Store a large number of events (> 1,000,000) in a human readable format (by human readable, meaning being able to visually review the data through commonly available tools). This generally means text, nothing being friendlier to sharing, converting, manipulating, etc.
Provide a sufficiently small and portable data size (MB, not GB) to be easily downloaded and moved across the network (i.e. the data must be self-contained)
Be read performant – provide the ability to retrieve at least 60k events per second on my desktop (as writing the encoded data sets is a 1-time activity, not concerned about optimizing performance).

The intent for this system was to be able to store and replay “canned” data sets for StreamInsight applications. The performance metrics, in order of priority were:

File size
Read throughput (target is 100k+ events / second)
Generic applicability – needs to be relatively non-specific to any conformant data set (see below)
CPU utilization
Memory consumption

The “tricks” (constraints, really) I was able to take advantage of were:

Forward only access to data (i.e. did not need random access to specific data elements).
Only flat data record schema (StreamInsight doesn’t support nested types in streams).

The reference data set consisted of 733 MB of data downloaded from Environment Canada’s National Climate Archives web site, in XML format. My first pass through performance tuning consisted of evaulating the following techniques:

Raw XML (to establish a baseline for performance tuning)
Optimized XML (remove extraneous fields from source XML)
SQL Compact
CSV files
Compressed CSV files (via the most excellent GZipStream class, introduced in .NET 4.0)

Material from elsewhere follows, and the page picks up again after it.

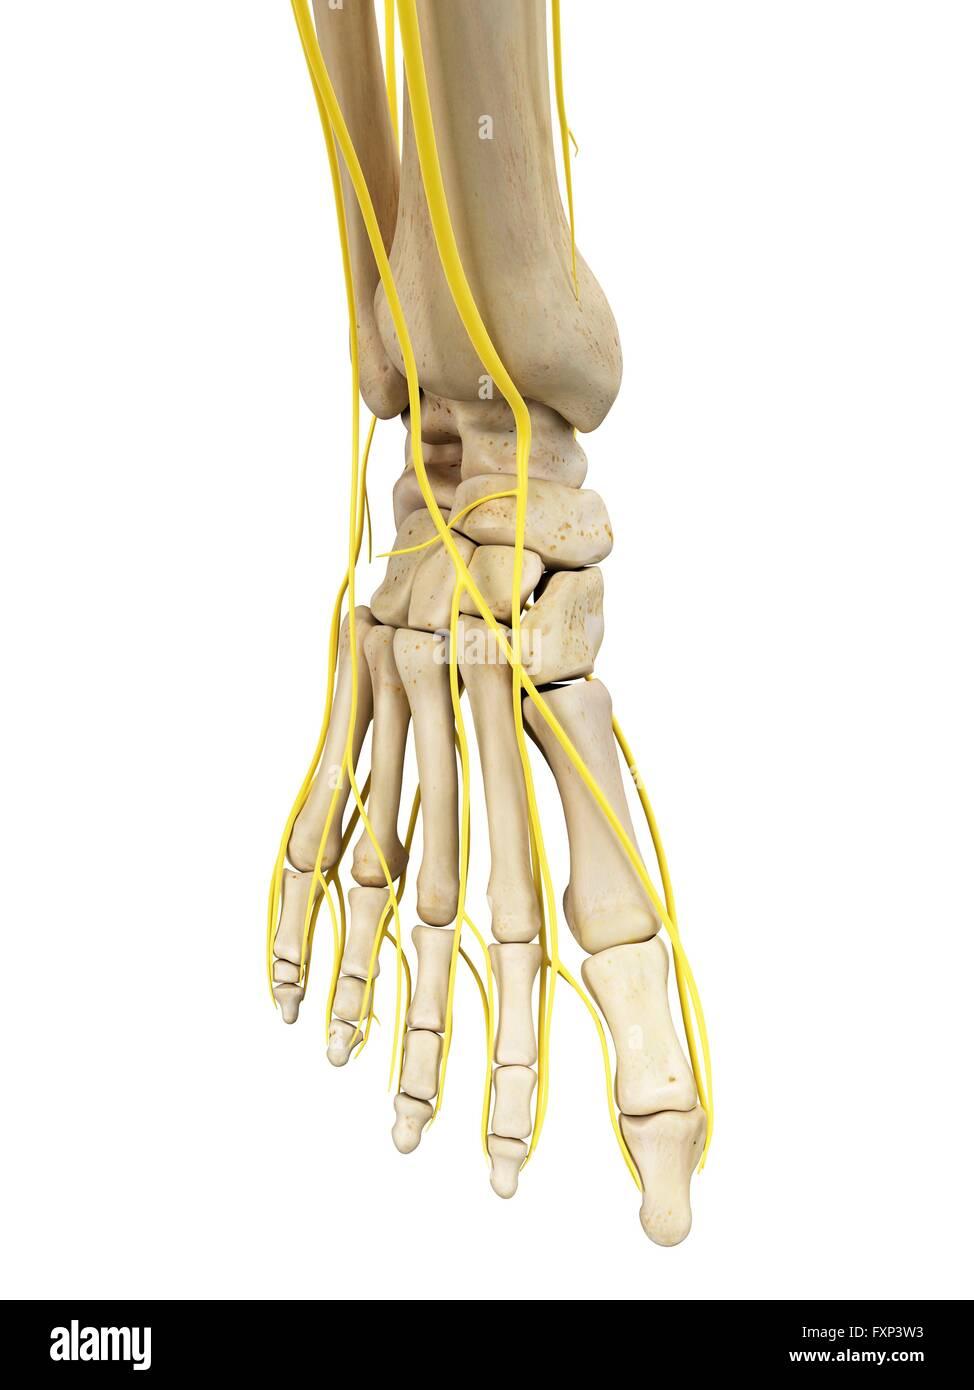 Fantastisch Hand Nerven Anatomie Zeitgenössisch - Anatomie Ideen ...

In order to perform the testing I needed a benchmark framework which could execute a deterministic test set and capture associated performance data. This framework needed to:

Provide a pluggable interface for inserting the read/write code which would implement each store/format.
Measure the key performance metrics

Download the test frameworks here.

Stage 1 - Evaluating File Size

First pass with the full test set were pretty clear – compressed CSV and XML files look to be the clear winner for size (I threw in compressed XML just to be fair). We execute the tests by opening up and executing the PerformanceTests project.

Or, if you prefer the raw data:

Raw XML	699.61	1
Optimized XML	471.72	1.48
Compressed XML	27.38	25.55
SQLCE	102.32	6.84
CSV	90.08	7.77
CSV-GZIP	18.28	38.28

Based on the first of our ranked performance criteria (file size) , we can now winnow down the field to two clear front runners – compressed XML and CSV format. Now we move on to reviewing read throughput for these two techniques.

Stage 2 - Evaluating Read Throughput

Now that we’ve winnowed down the field to two candidates, let’s go and test them for read performance. We’ll run four tests here:

XML Serializer – Compressed
XML Serializer - Uncompressed
CSV reader – Compressed
CSV reader – Uncompressed

Note that we expect the XmlSerializer read performance to suck, as it is designed (and intended) to pull the entire file into memory and provide random access as an in-memory object. Remember one of the constraints we can take advantage of - Forward only access to data – we don’t have to pay the price to load the entire data set into memory for random access. I could have written a forward-parser using XmlTextReader or XElement, but to be honest, making it generic was more work than I wanted to bother with (remember – this has to be readily applicable to all forms of StreamInsight compatible data).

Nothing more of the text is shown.